第105回「社会的自己意識」(2016.5.10掲載)

みなさん、こんにちは。株式会社アドバンテッジリスクマネジメントのキティこうぞうです。

今回は「沈没船ジョーク」と呼ばれている世界中で有名なお話を紹介します。「沈没船ジョーク」は世界各国の国民性の違いを面白おかしく表現していて、世界のどこでも通じるジョークのようです。

いろいろな国の人が乗った巨大豪華客船が氷山に接触して沈没しかけています。船から脱出しなければいけませんが、救命ボートの数よりも乗客の数が圧倒的に多い状況です。女性と子供と老人を優先させると、残りの男性には厳寒の海に飛び込んでもらうしかありません。そこで、船長は男性たちにスムーズに海に飛び込んでもらうために、次のように言ったそうです。
イギリス人には…「紳士はこういうときに飛び込むものです。」
アメリカ人には…「海に飛び込んだらヒーローになれます。」
日本人には  …「みなさん、もう飛び込みましたよ。」

このジョークでわかるように、日本人は他の国の人から見ると、「自分がどうしたいか」よりも「他の人はどうするか」「周りの人からどう見られているか」ということを基準に行動を決める傾向があると思われているようです。このように、他の人の評価を気にしたり、他の人の基準に沿った行動をしようとする傾向を「社会的自己意識(公的自己意識)」といいます。

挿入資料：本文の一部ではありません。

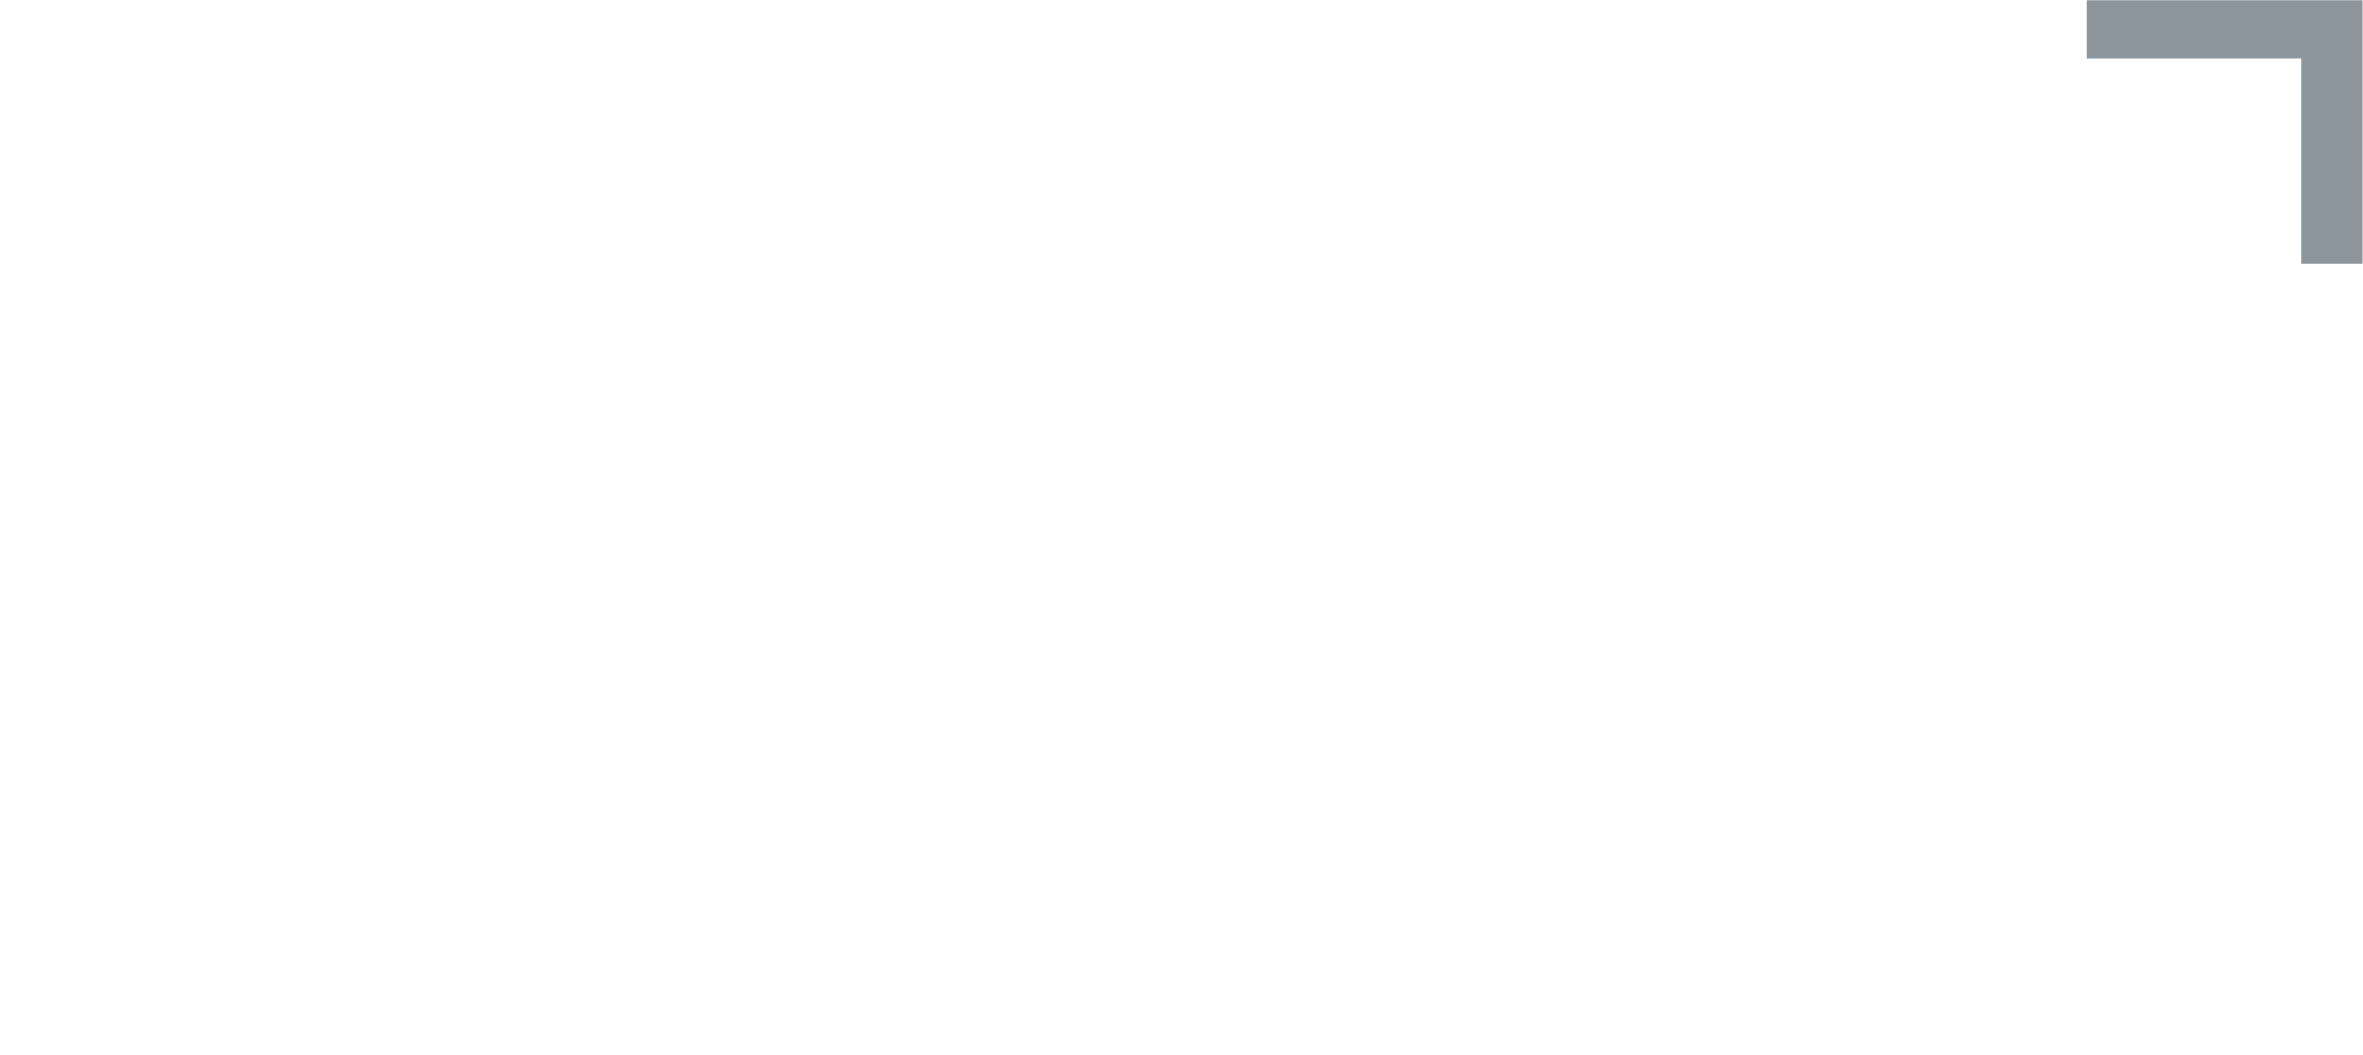 7yrds_consulting-logo-Inverted-one-color-cmyk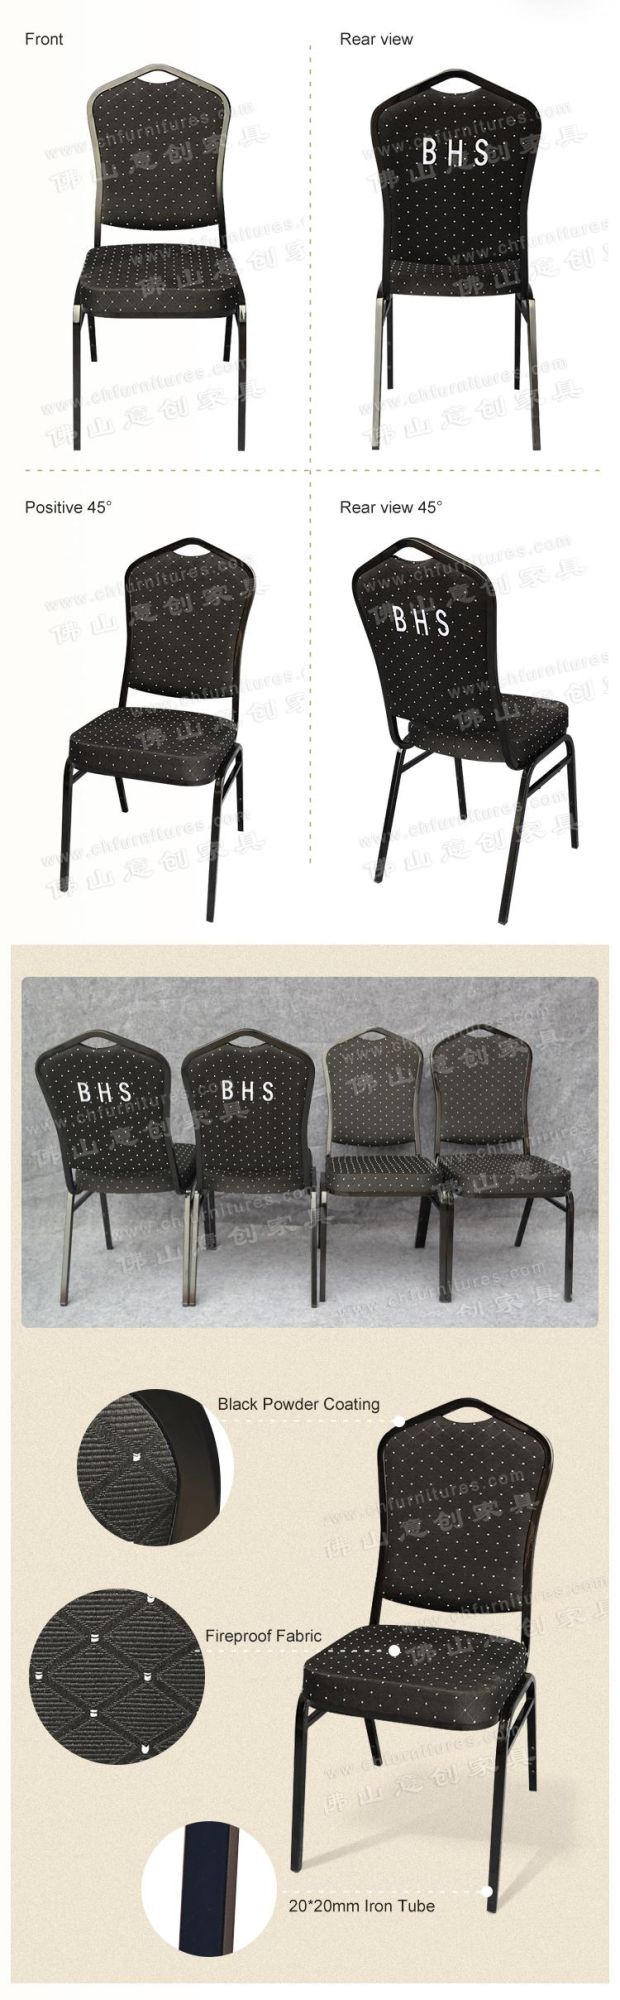 Used Banquet Chairs Hotel Furniture for Sale

自分自身を理解して自分の感情や行動を調整したり、他人との調和的な関係を生み出すために感情を効果的に活用する能力で、「心の知能指数」と呼ばれている「EQ」という理論があります。EQの考え方では、感情を上手に管理して利用できる能力を生みだす技能として「24の素養」を挙げています。自分の24の素養を検査で数値化して、自己理解をしたうえで自分の感情能力を高めていくヒントにして、仕事などの自己開発に役立てていくのがEQの考え方です。そして、その24の素養のうちの1つが「社会的自己意識」です。

「社会的自己意識」は自分が周囲にどのような人間として映っているかを知ろうとする傾向です。この「社会的自己意識」の数値が高いと、自分に対する評価や噂にとても敏感になり、周囲の期待に沿った行動をとろうとする傾向があるとされます。この数値が高い人は言葉遣いや態度は丁寧になり、集団や組織のルールにはうまく適応して行動できるようになります。しかし、その傾向が強くなり過ぎると、他人に合わせすぎてしまったり、周囲の目や世間体を気にしすぎてしまって、自分の価値を見失って身動きが取れなくなってしまいます。どうやら、日本人はこの「社会的自己意識」が強い傾向にあるようです。

自分が周囲からどう思われているかということに興味や関心があることは決して悪いことではありません。しかし、その傾向が強すぎると人からの評価ばかりを気にしすぎてしまって、仕事でいえば「働き過ぎ」や「気の遣いすぎ」により、ストレスをためてしまいがちになります。それが「日本人の良さ」でもあるのでしょうが、日本人のメンタルヘルスの悪化の原因にもなっているのです。自分の考えをしっかりと持ち、他人に振り回されないように心掛け、「人は人、自分は自分」と自らに言い聞かせて、自分自身が本当は何をしたいのかを見つめるようにしましょう。

自分の感情能力やその能力の開発に興味のある方は、一度「EQ」について勉強してはみてはいかがでしょうか。